For a baby born alive, the parents would be explained that the babies might continue to show signs of life for several minutes or even hours.

Though it may sound shocking, we do come across cases where the heart rate is so faint after birth, the breathing so shallow and intermittent, that the doctor attending the delivery presumed that the baby is dead.

So, while it is crucial that the healthcare professional is 100% sure before death is pronounced, there have been cases where death has been falsely presumed.

Should babies be handed over in a plastic bag?

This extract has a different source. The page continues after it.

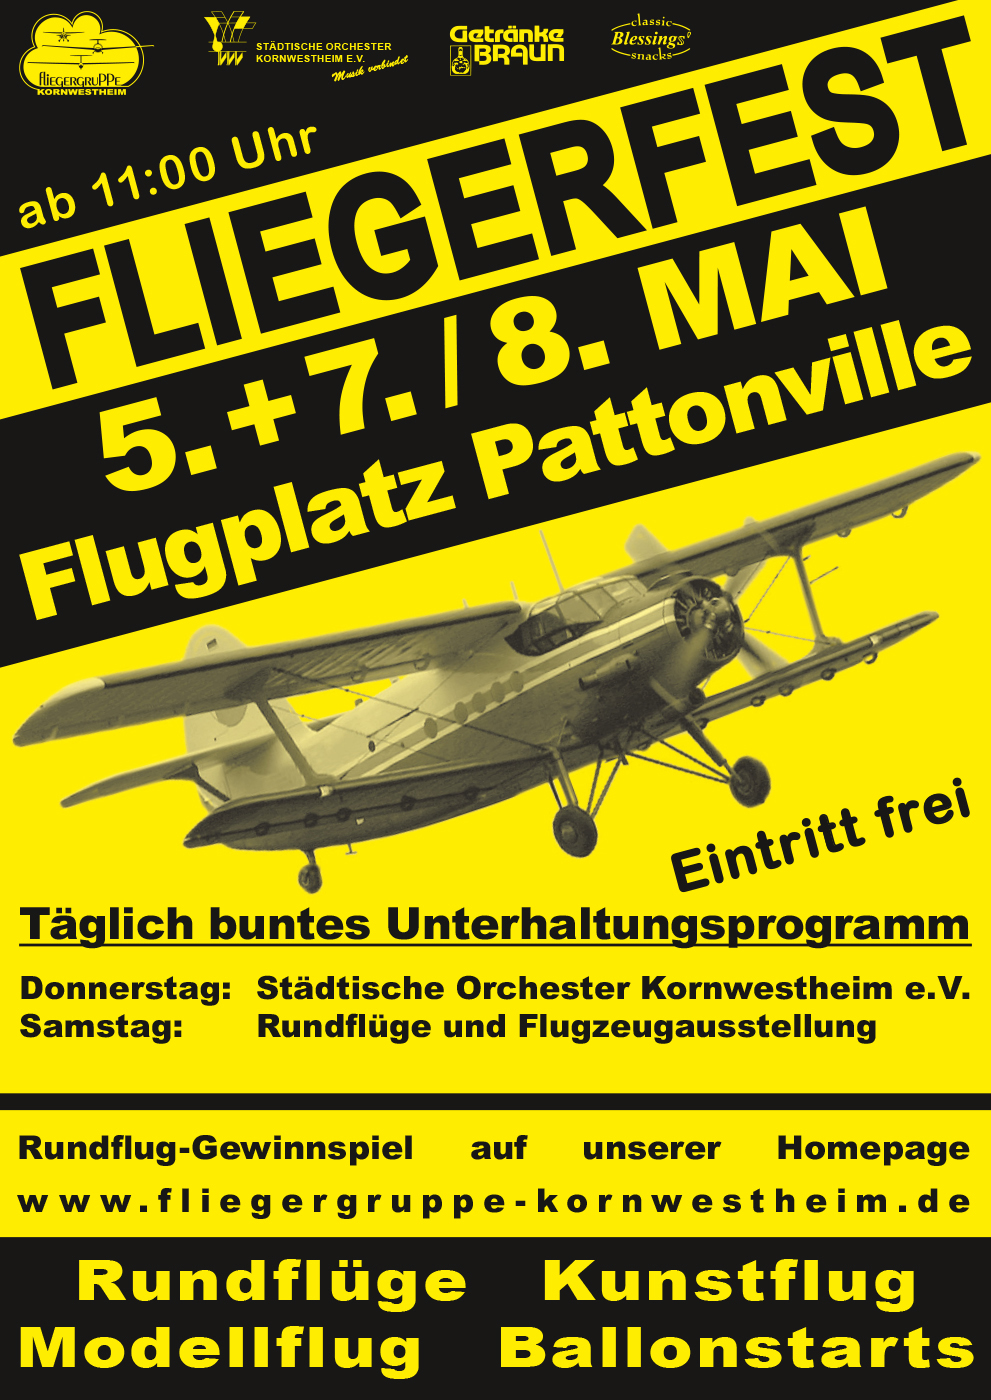 Fliegerfest Kornwestheim Flugplatz Pattonville 2016

No. This reflects a poor attitude towards human dignity and the lack of empathy towards the enormous tragedy befalling the parents. Even if parents consider the death of a baby at 22 weeks as a miscarriage and choose to not carry out final rites, the body should be handed over respectfully. However, in this case, the plastic bag probably provided the warmth needed to revive the baby.

What is the answer?

The answer to such situations is: Fix the culture.

  • Communicate, communicate, and communicate
  • Compassion should be demonstrated in practice as much as in feeling. Health care is compassion and everything else stems from it. A compassionate attitude of staff in clinical medicine is more important than all the brilliant CVs, flashing monitors, and state-of-the-art equipment put together. The poor/inconsiderate/uncompassionate communication is at the core of why patients sue. A programme, which embeds a culture of transparency, openness and compassionate communication, makes both moral and financial sense.
  • Call relatives, meet them if they are willing, and then listen to them. When you think you have listened enough, listen some more (and switch your mobile phone off when you do!). Apologize for the pain they have undergone. Dont indulge in non-apology. An apology is not an admission of guilt, but an acknowledgment of the pain they have been through. And tell them what you would do so that other parents dont go through this experience.